Electrochemical Behavior of Pyridine-Doped Carbon-Supported Co-Phthalocyanine (Py-CoPc/C) for Oxygen Reduction Reaction and Its Application to Fuel Cell

  • Received Date: 1 April 2013
    Available Online: 14 June 2013

    Fund Project: 国家自然科学基金(21173039) (21173039) 高等学校博士学科点专项科研基金(20110075110001) (20110075110001)国家环境保护纺织工业污染防治工程技术中心(20110927)资助项目 (20110927)

  • Pyridine-doped, carbon-supported Co-phthalocyanine (Py-CoPc/C) nanoparticle catalysts were synthesized via a combined solvent-impregnation and milling procedure, using Co-phthalocyanine (CoPc) and pyridine (Py) as the catalyst precursors. The morphologies and compositions of the catalysts were characterized using X-ray diffraction (XRD), scanning electron microscopy-energy dispersive X-ray spectroscopy (SEM-EDS), and X-ray photoelectron spectroscopy (XPS). The electrocatalytic activities and stabilities were evaluated by linear sweep voltammetry (LSV), using a rotating disk electrode technique, in terms of their oxygen reduction reaction (ORR) activity as a function of Py doping.

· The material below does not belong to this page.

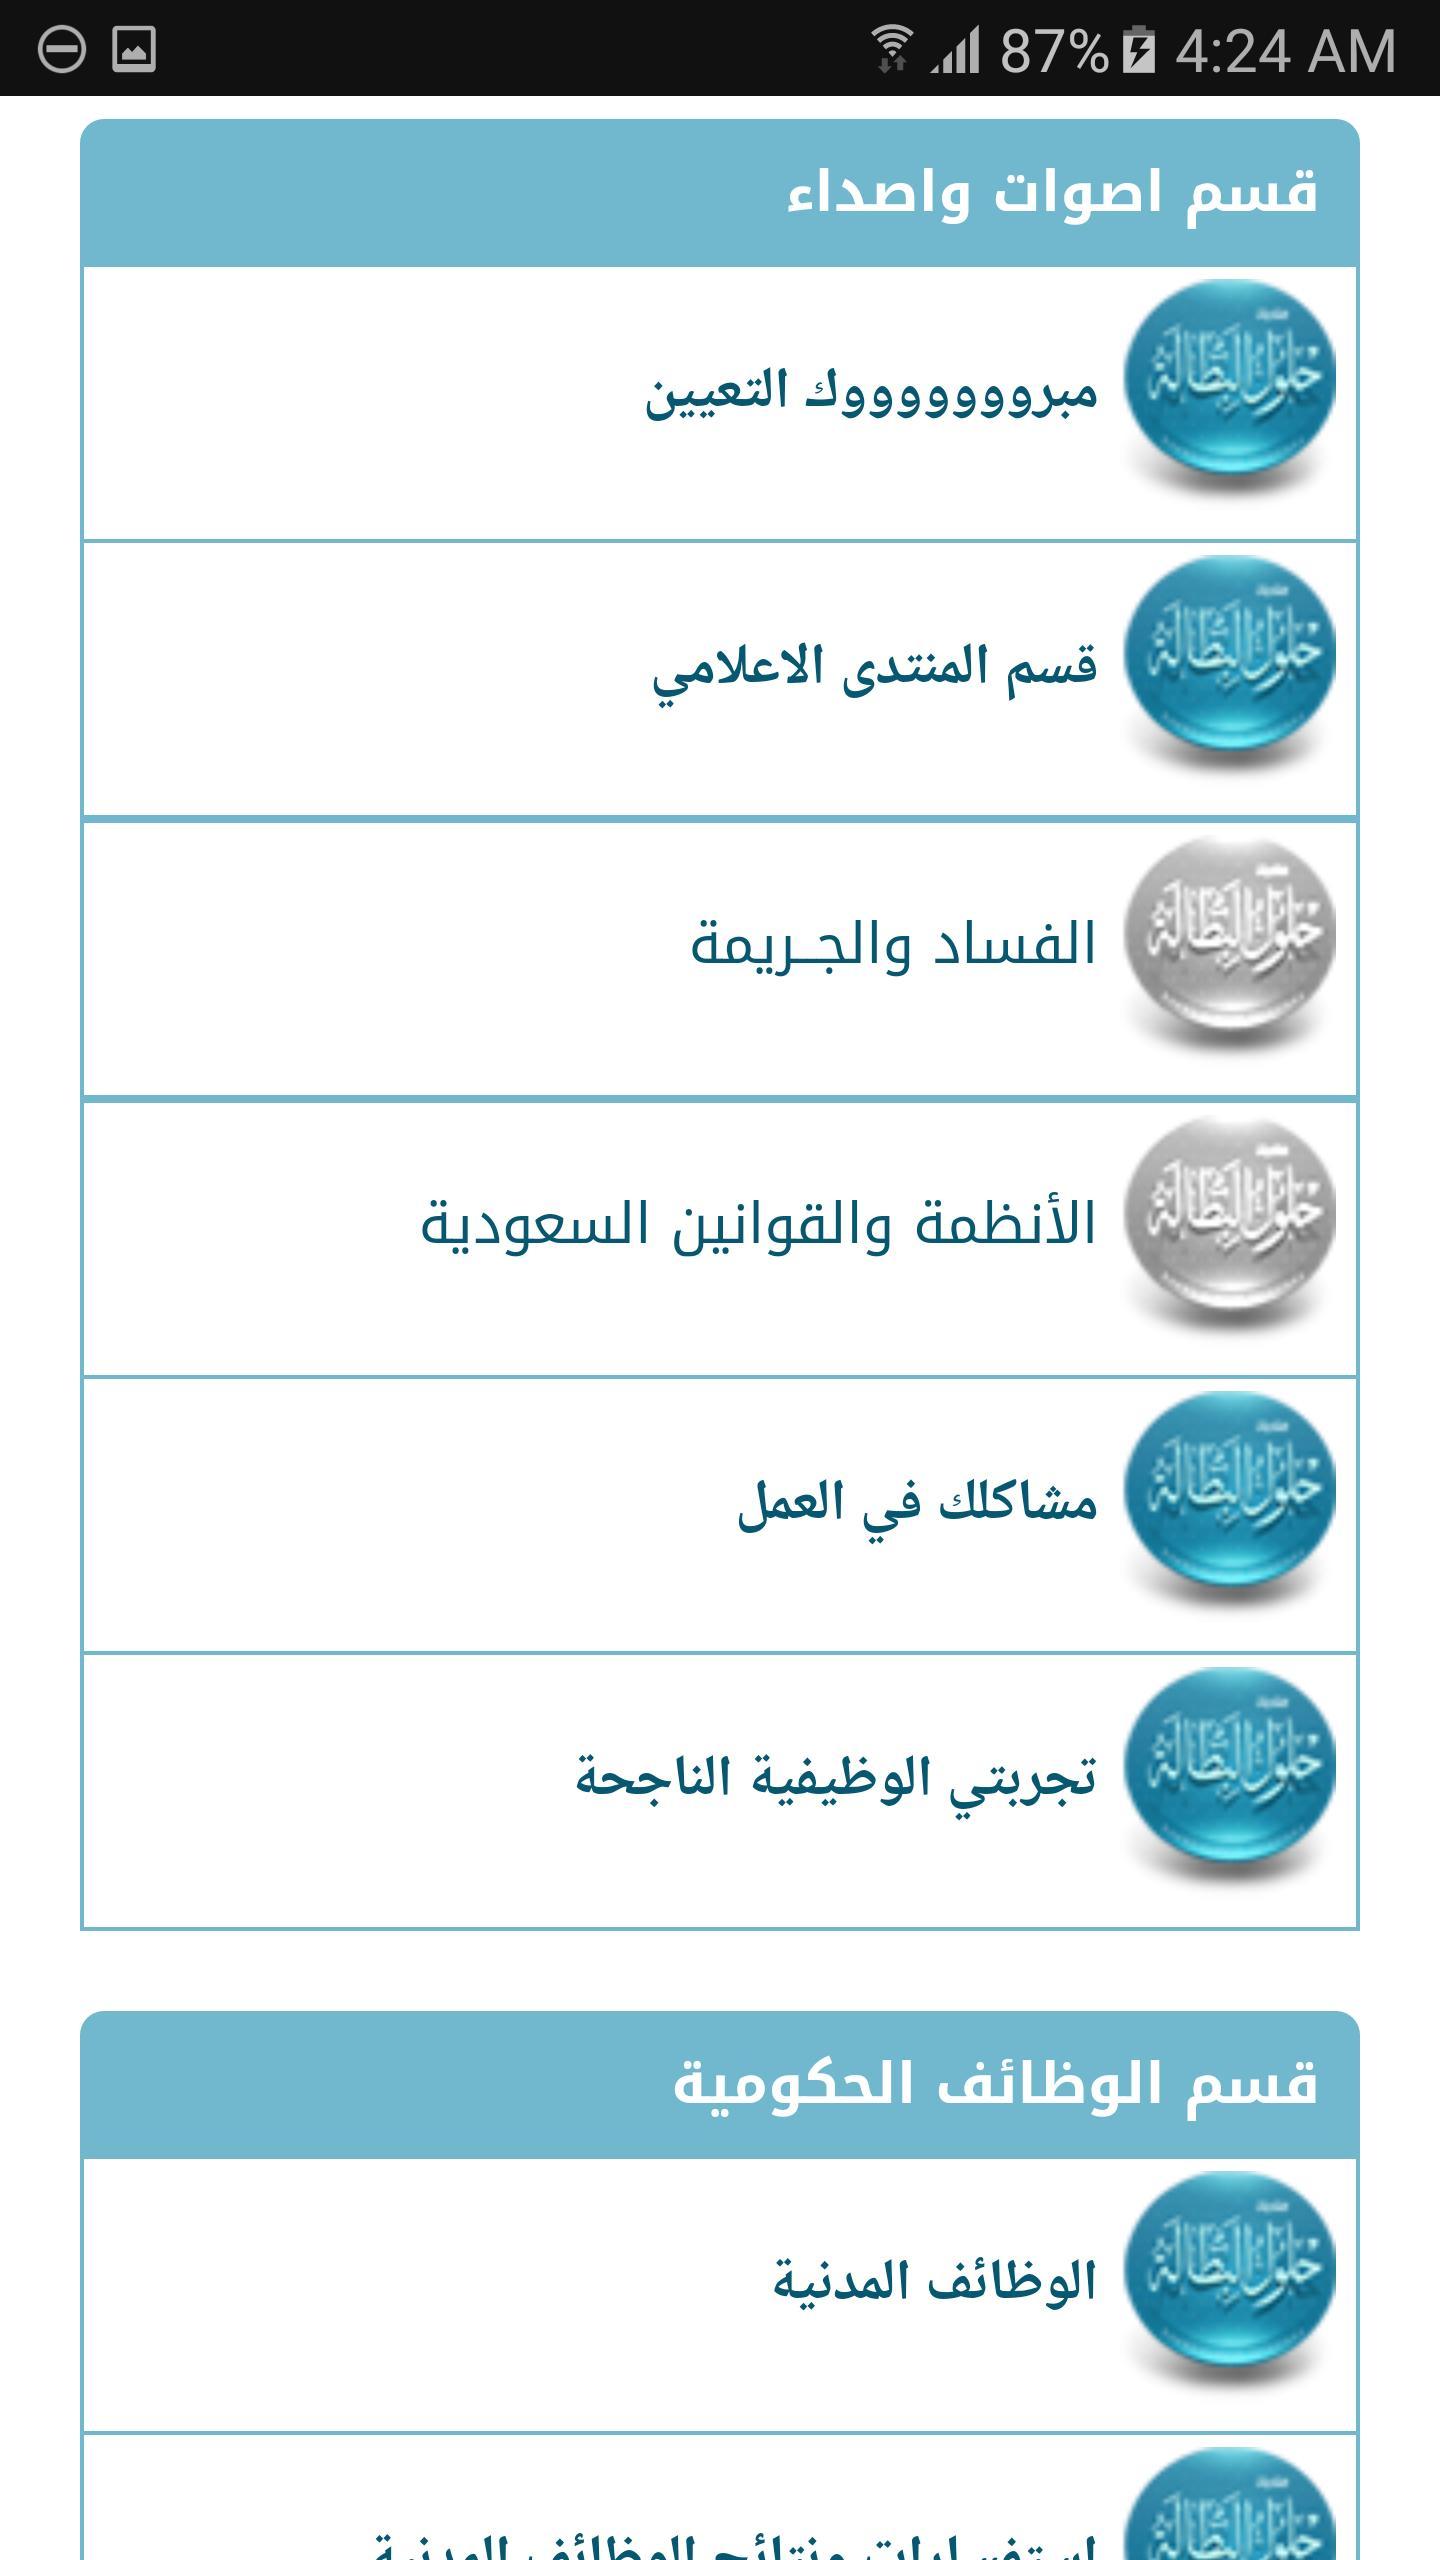 حلول البطالة الشرقية - Images Gallery

The results show that Py doping can significantly improve the catalytic activity of CoPc/C toward the ORR, and the optimal Py doping level is around 20% (i.e., 20%Py-20%CoPc/C), for which an onset potential of 0.20 V (vs SHE) and a half-wave potential of -0.03 V were achieved in 0.1 mol·L-1 KOH electrolyte. Compared with 40%Py/C and the 40%CoPc/C catalyst, the half-wave potential on the 20%Py-20%CoPc/C catalyst for the ORR shifted positively by 160 mV and 15 mV, respectively. The number of electrons transferred for the ORR also increased from 1.96 to 2.38, indicating an enhancement in ORR selectivity. Scanning electron microscopy-EDX and XRD analysis revealed that the N mass fraction (w) and dispersion of CoPc on carbon are improved by Py doping, which improves adsorption of O2 molecules on the catalyst surfaces. XPS analysis clearly showed pyridinic-N and graphitic-N in the Py-CoPc/C catalysts. Both are believed to be coordinated to Co ions on the catalyst surfaces, and this might be responsible for the enhanced ORR activity. An H2/O2 fuel cell using membrance electrode assembly (MEA), fabricated with a 20%Py-20%CoPc/ C cathode catalyst, generated a peak power density of 21 mW·cm-1, which is 2.4 times that of CoPc/C under the same operating conditions.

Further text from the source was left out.